Я растроганно улыбаюсь и прижимаю подвеску к груди. Уже в первые секунды владения этой вещицей точно знаю: она станет одной из самых ценных и любимых.
Подойдя к зеркалу, я надеваю украшение, с трудом справляясь с хитрой застежкой. Следом привожу себя в порядок: прохладный душ, зубная паста и щетка – впервые за двое суток. Умывание ледяной водой помогает как-то взбодриться и собраться. Подняв голову от раковины, я долго смотрю на себя в отражении и с течением секунд мой взгляд, обращенный в свои же глаза, становится все злее.
О да, я злюсь. Я пребываю в настоящем гневе на себя за все это болото, которое развела вокруг. Это состояние непохоже на Шелл Мэйджерсон – непохоже на человека, которого мне стоит спасать.
А значит, к черту все это дерьмо. Пусть у меня совсем не осталось сил, я буду двигаться дальше. Я не готова отказываться от своего настоящего в попытках сохранить какую-то прошлую себя. И если ради того, чтобы посмотреть правде в глаза и принять ее, мне необходимо принять и себя, то это в любом случае лучше анабиоза.
Я резким движением открываю дверь своей комнаты. Воздух коридора кажется на несколько градусов холоднее и словно легче – это какая же духота царит в моей берлоге.
Но цели своих намерений я в коридоре не встречаю. В растерянности оборачиваюсь назад и нахожу взглядом электронные часы, мирно мигающие возле телевизора.
Немного за полночь. Айден, вероятно, уже в своей комнате. Что ж, это заметно усложняет дело, но переносить все на завтра я точно не буду. Мною движет невероятная усталость, и именно она трансформируется во мне в новый источник сил. Я функционирую на всех аварийных запасах и не чувствую даже своих собственных шагов – я поглощена тем, что я сделаю.
Добравшись до комнаты Айдена быстрым шагом, я не стучусь, а сразу дергаю за ручку и толкаю дверь вперед – плевать, насколько это бесцеремонно и нагло выглядит со стороны. Только мои крепко сжатые на ручке пальцы не дают двери удариться о прилегающую стену.
Комната Айдена встречает меня сумраком и прохладой. Открытое окно зияет темнотой. На аккуратной прикроватной тумбе горит лампа, кровать идеально заправлена, серое постельное белье делает ее похожей на какую-то невзрачную армейскую койку. В кресле рядом сложена одежда: черная водолазка, пиджак и брюки.

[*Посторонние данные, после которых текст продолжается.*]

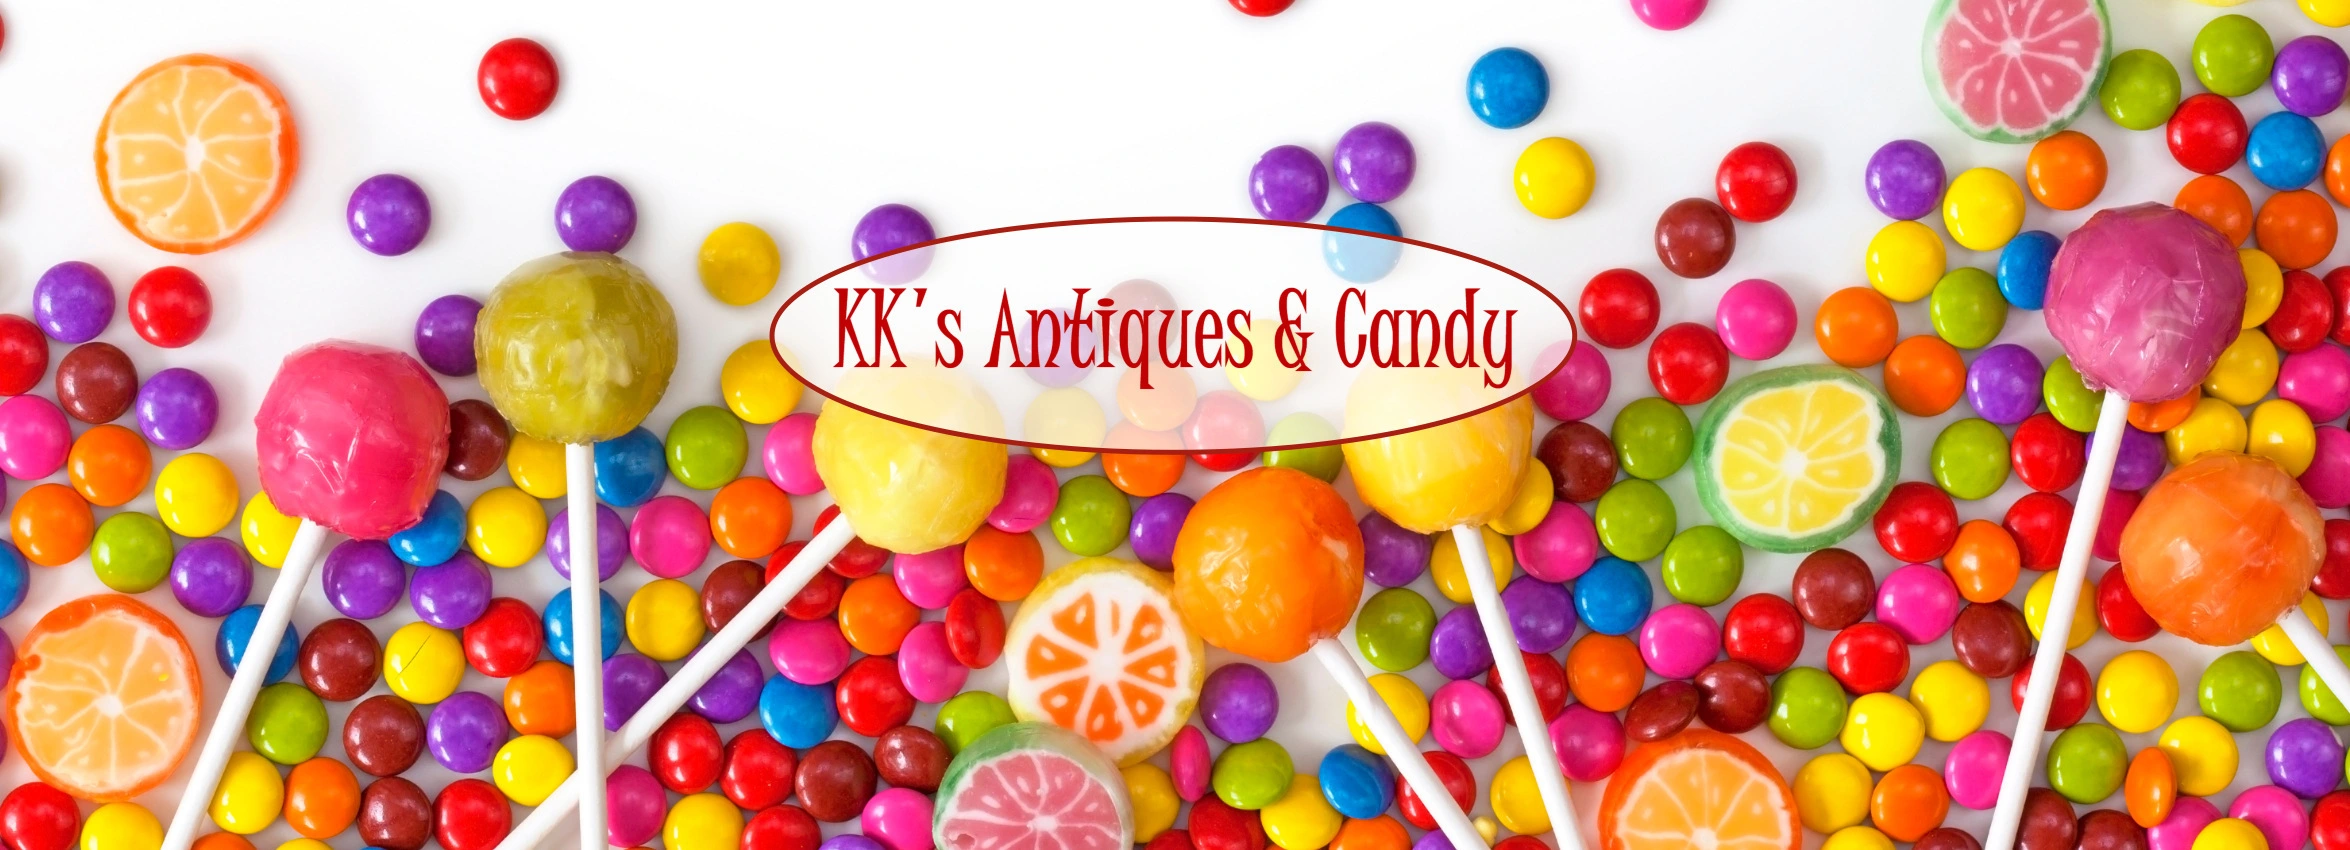 KKs-Antiques-Candy_Desktop_ET

Когда взгляду больше не за что зацепиться, я наконец перемещаю его на Айдена. Телохранитель стоит спиной ко мне рядом с небольшим письменным столом и оборачивается, чтобы взглянуть на незваного гостя.
Его торс лишен одежды.
То есть совсем.
И я просто не могу перестать смотреть.
Спасибо, что на нем хотя бы серые спортивные штаны. Иначе я бы сгорела дотла прямо здесь, хотя мне и так безумно жарко и вдруг катастрофически душно. Предательски екает где-то в животе, что-то грузом опускается вниз живота, а сердце гулко колотится в груди. Я в полнейшем оцепенении стою на пороге комнаты и глупо разглядываю мышцы его груди, изгиб плеч и рельефный пресс. Айден медленно подбирает с кресла белую спортивную майку и надевает ее. Жалкая тряпка только сильнее подчеркивает его натренированное, крепкое тело.
– Извини, – зачем-то говорит Айден, так же сдержанно. – Не ждал никого так поздно.
Звук его низкого, тихого голоса, настолько родного и приятного, окончательно перещелкивает что-то в моей голове. Я слишком устала бегать от неизбежного, бояться и смущаться от легкого касания мыслей, поднимающих запретные темы. Я перестаю пытаться перекрыть стыдом совсем иное, тщательно скрываемое от себя самой чувство и просто принимаю его.
Притяжение.
А еще я принимаю свою привязанность. Свое желание. Свою симпатию. А следом – и все свои чувства. В каком-то смысле я впервые полностью принимаю себя.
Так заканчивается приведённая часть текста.